Compaction manages working memory, but the most valuable content shouldn’t just be compressed—it should be consolidated into long-term storage where it can benefit future sessions. This is where self-improving agents start to emerge.

Declarative facts—user preferences, project-specific knowledge, key decisions and their rationale—can flow into retrieval systems (RAG) that the agent queries when relevant. Instead of cramming everything into every prompt, the agent pulls what it needs on demand.

Procedural knowledge is even more interesting. When an agent figures out how to deploy to staging, query a specific database, or debug a tricky error, that successful tool-call sequence can be distilled into a skills document. These skills become reusable patterns that transfer across sessions and projects. Session summaries feed this process: review what worked, extract the patterns worth keeping, and prune what didn’t. Over time, the agent accumulates expertise in its long-term memory rather than relearning the same lessons every session.

What can go wrong

Compaction adds moving parts, and each one can fail in ways that break your agent.

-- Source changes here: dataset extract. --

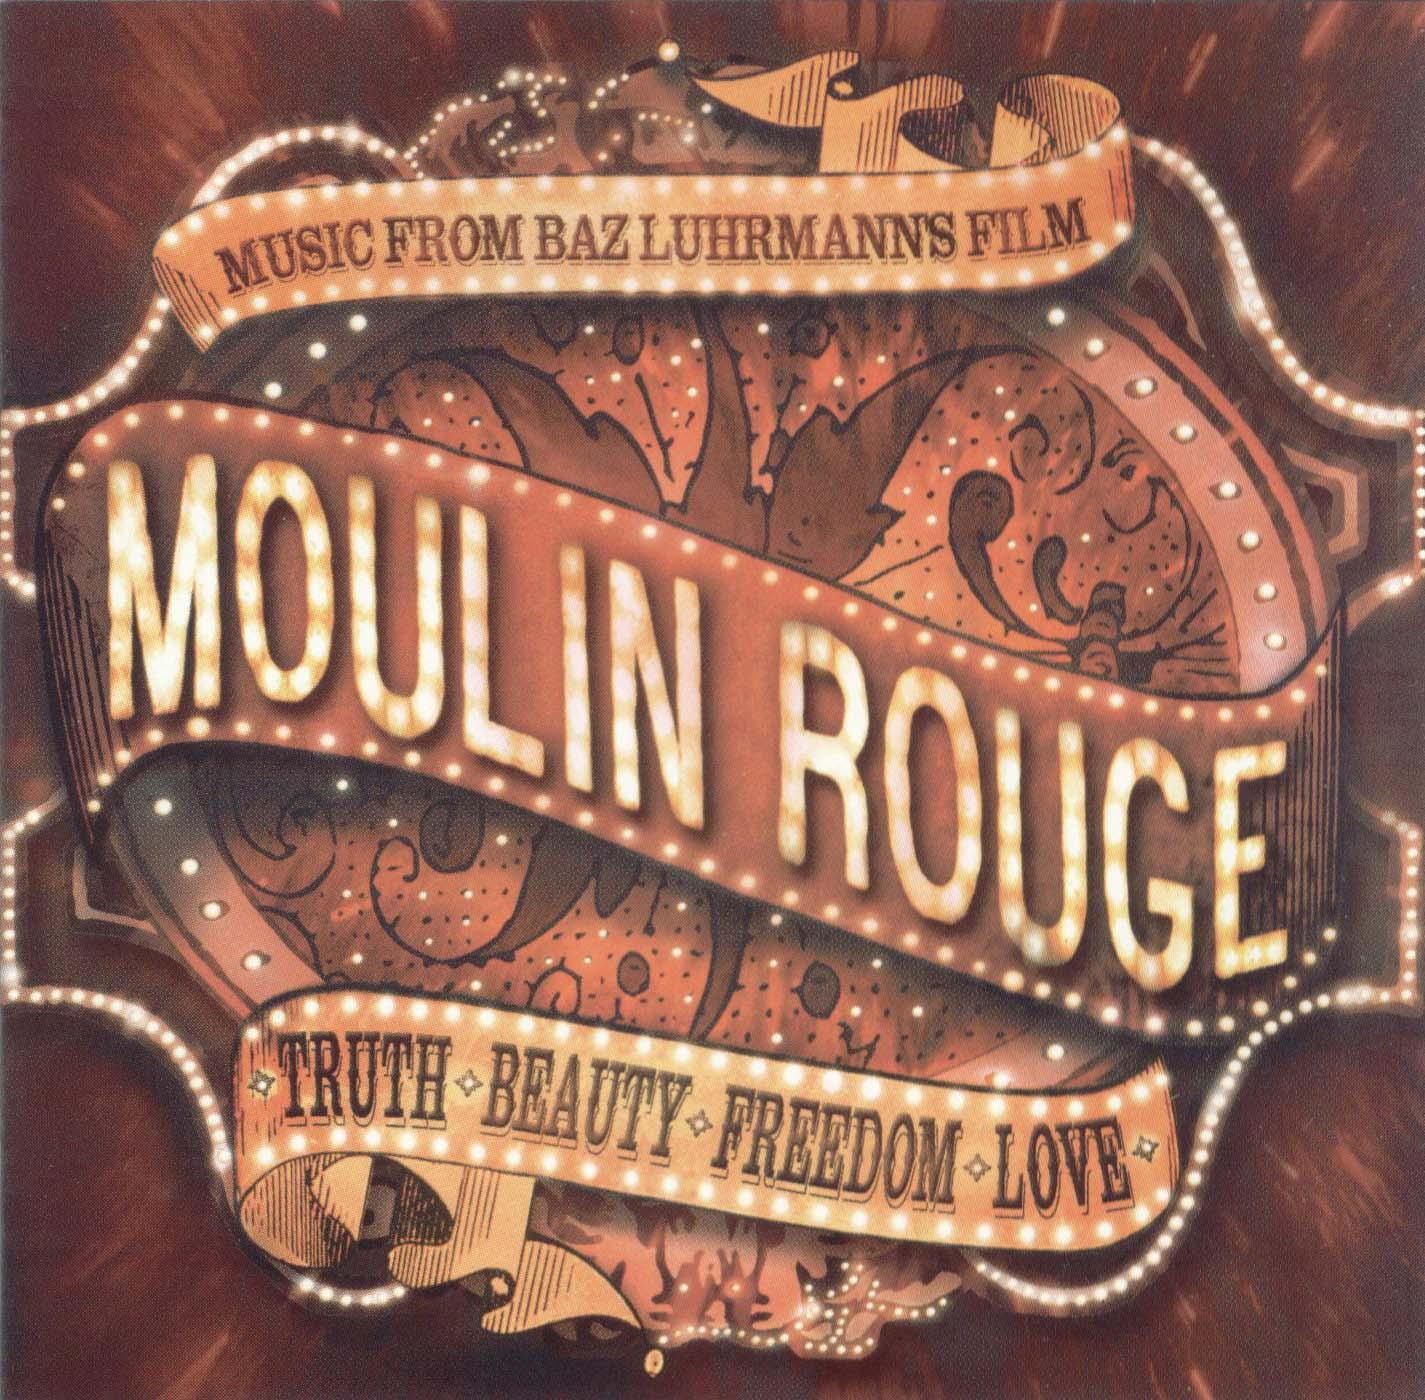 http://3.bp.blogspot.com/-7epch4LlKxQ/UGmYPIyvCuI/AAAAAAAABfM/PFZd4K80R0E/s1600/Moulin+Rouge.jpg

Summaries lose critical details. Your summarizer condenses a database migration plan but drops the constraint that foreign keys must be created after the tables. The agent proceeds, the migration fails, and debugging takes hours because the audit log shows the original plan was correct.

Recall hints get ignored. The agent sees the breadcrumb but doesn’t fetch the content, either because it doesn’t recognize the hint format or decides (incorrectly) that it doesn’t need the details. It confidently answers with incomplete information.

Retrieval returns the wrong content. Embeddings or chunking are off, so the agent either can’t find what it needs or pulls back irrelevant context that confuses it. The recall mechanism exists but returns noise instead of signal.

Over-retrieval bloats working memory again. The agent fetches so many recalled chunks that you’ve just moved the bloat problem rather than solving it. You need limits on retrieval, not just on the base context.

Truncation breaks mid-thought. A message gets cut at a bad boundary, leaving the agent with a half-formed idea or dangling reference. It tries to continue a plan that’s now missing its key constraint.

Ordering gets inconsistent. Compaction strategies fire in different orders across runs, leading to non-deterministic context states that are impossible to debug. The same session produces different agent behavior depending on timing.

Consolidated skills go stale. Procedures that worked six months ago don’t reflect current APIs or best practices, and the agent confidently executes outdated workflows. Long-term memory needs maintenance too.

Privacy violations. Sensitive content gets offloaded to logs or long-term memory without proper access controls. Your audit trail becomes a liability.

This is why your audit log matters beyond debugging individual sessions. You need an evaluation framework that can replay sessions from the audit trail, trace exactly what was compacted and when, and verify that changes to your compaction logic don’t introduce regressions. Without replay capability, you’re tuning a system you can’t observe—and every fix risks breaking something that was working.

Conclusion

Compaction keeps working memory sharp—but it’s not just about fitting under a token limit. A prioritized compaction pipeline combined with robust offload and audit practices gives your agents sustained quality over long sessions. And when you consolidate the best of what’s learned into long-term memory, you get agents that improve over time rather than starting fresh every conversation.